■ **WORK TO COMPLETE**
Output the full listing exactly as written, with no pictures in it.

■ **AVAILABLE DATA**

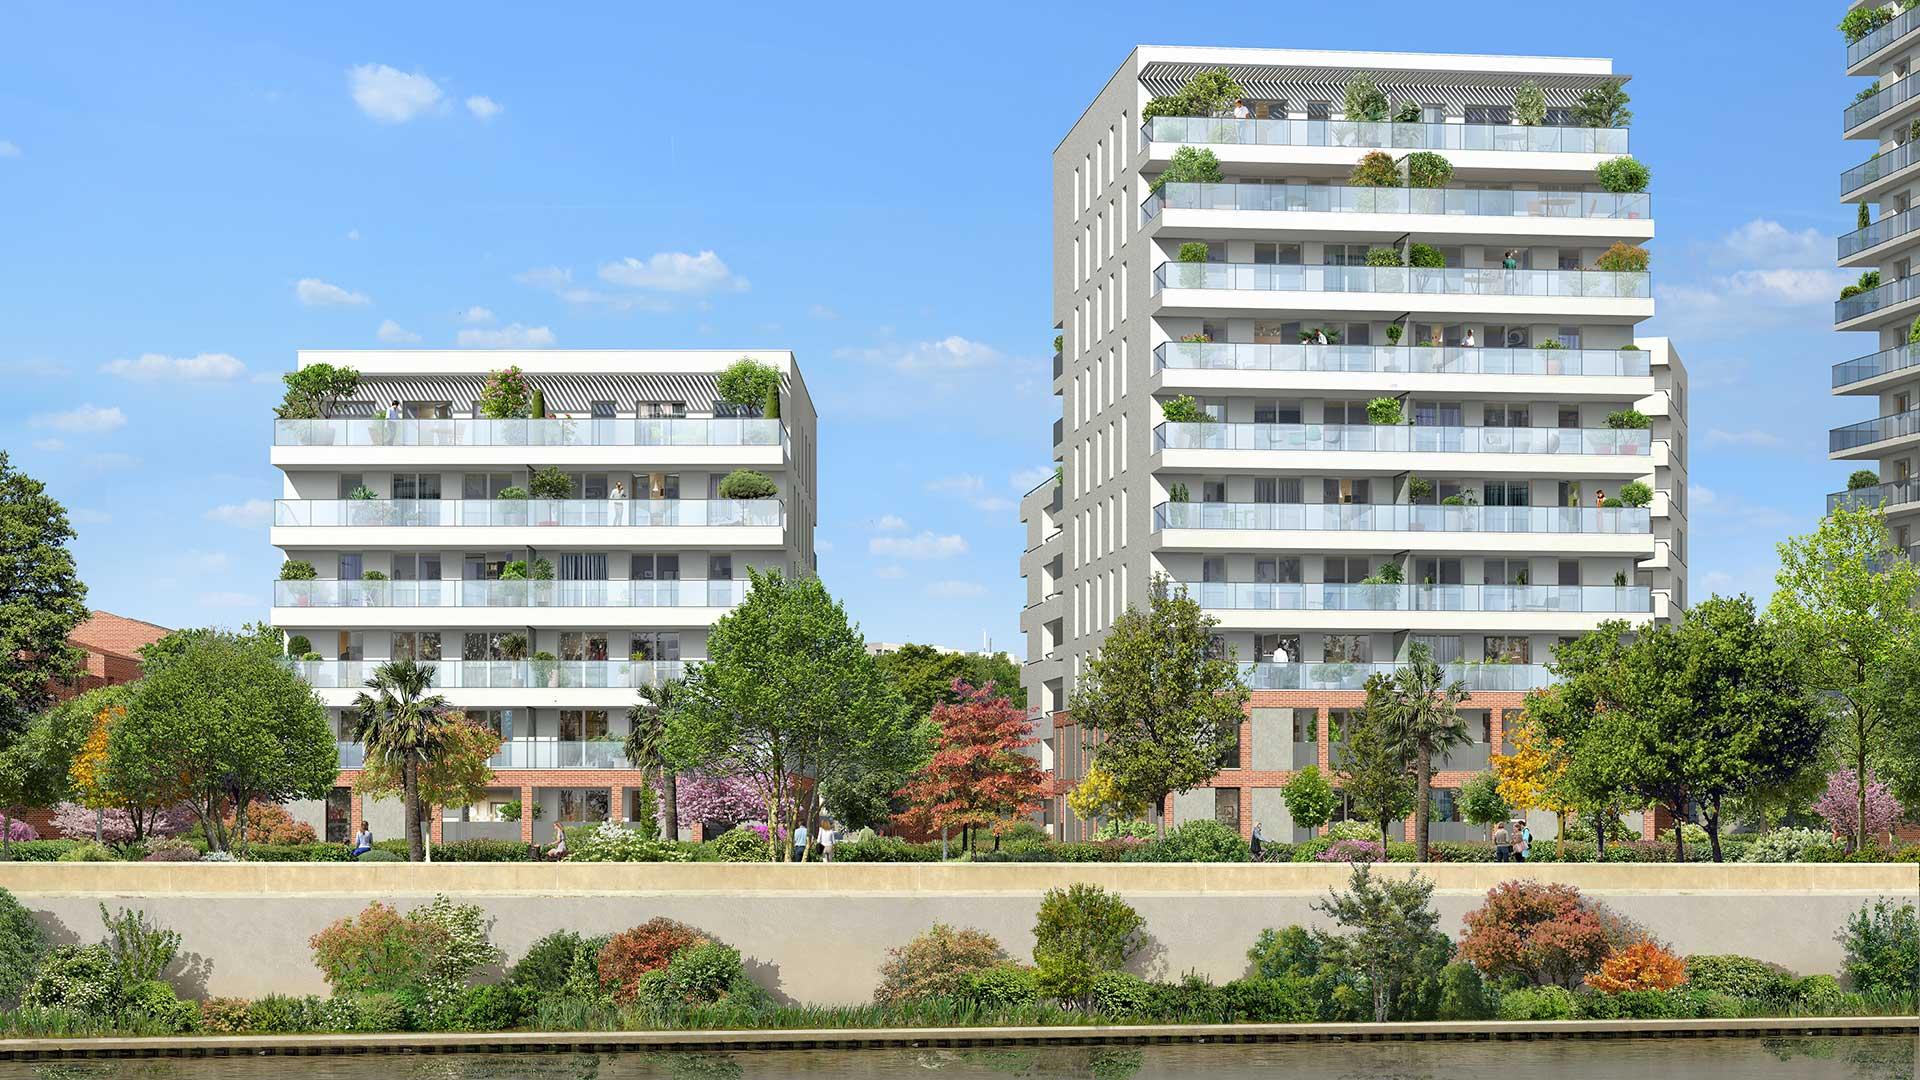 Urbanhouse360-Kaufman-Broad-Terre-Garonne_ImmeubleEst
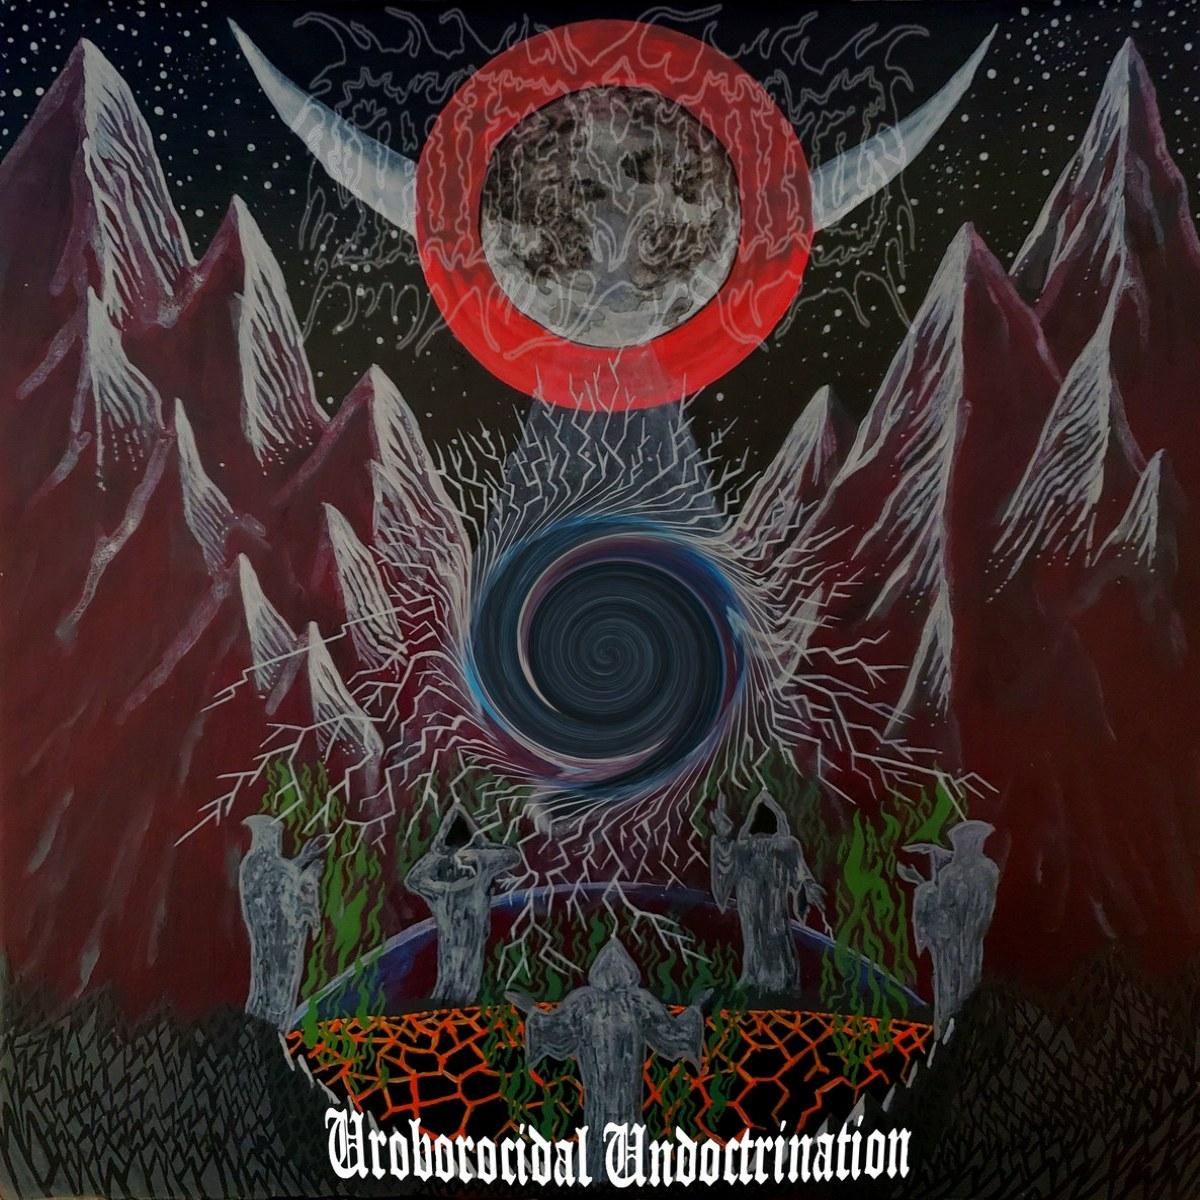 Reviews for Miasmic - Uroborocidal Undoctrination
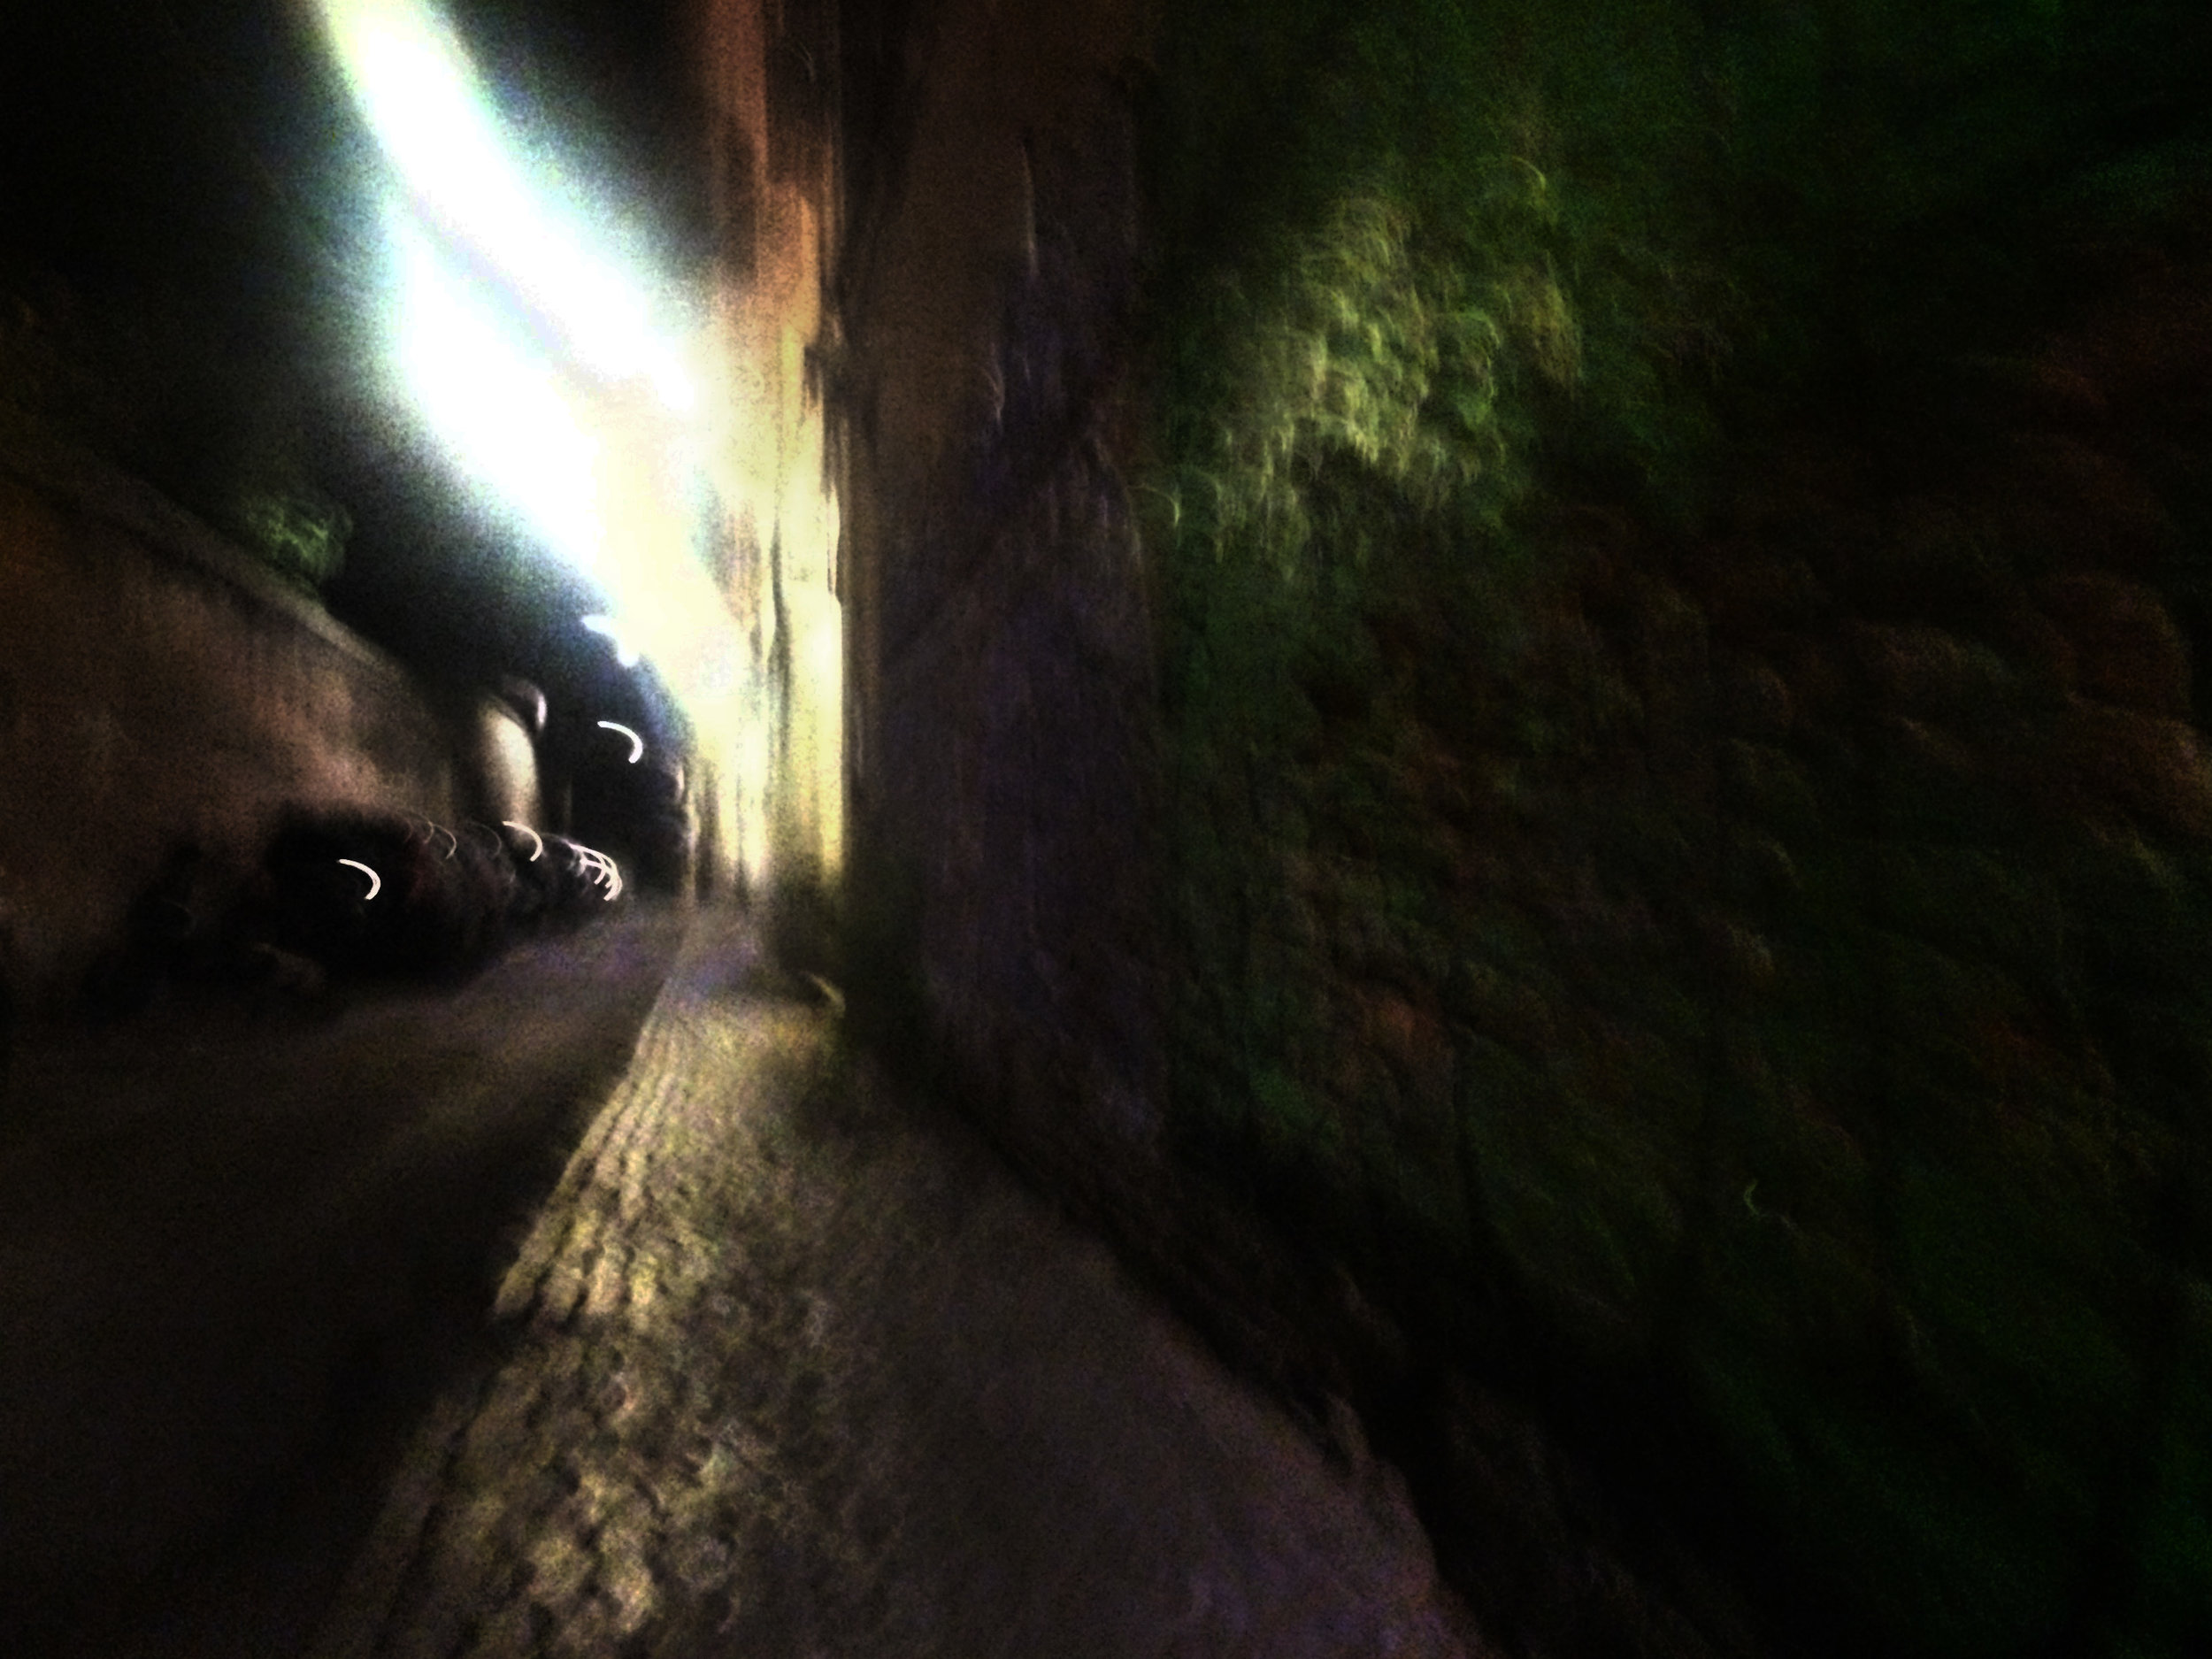 Walking at Night_A un attento esame il muschio si rivela pittura.jpg

■ **SOLUTION BELOW**
 Urbanhouse360-Kaufman-Broad-Terre-Garonne_ImmeubleEst
 Reviews for Miasmic - Uroborocidal Undoctrination
 Walking at Night_A un attento esame il muschio si rivela pittura.jpg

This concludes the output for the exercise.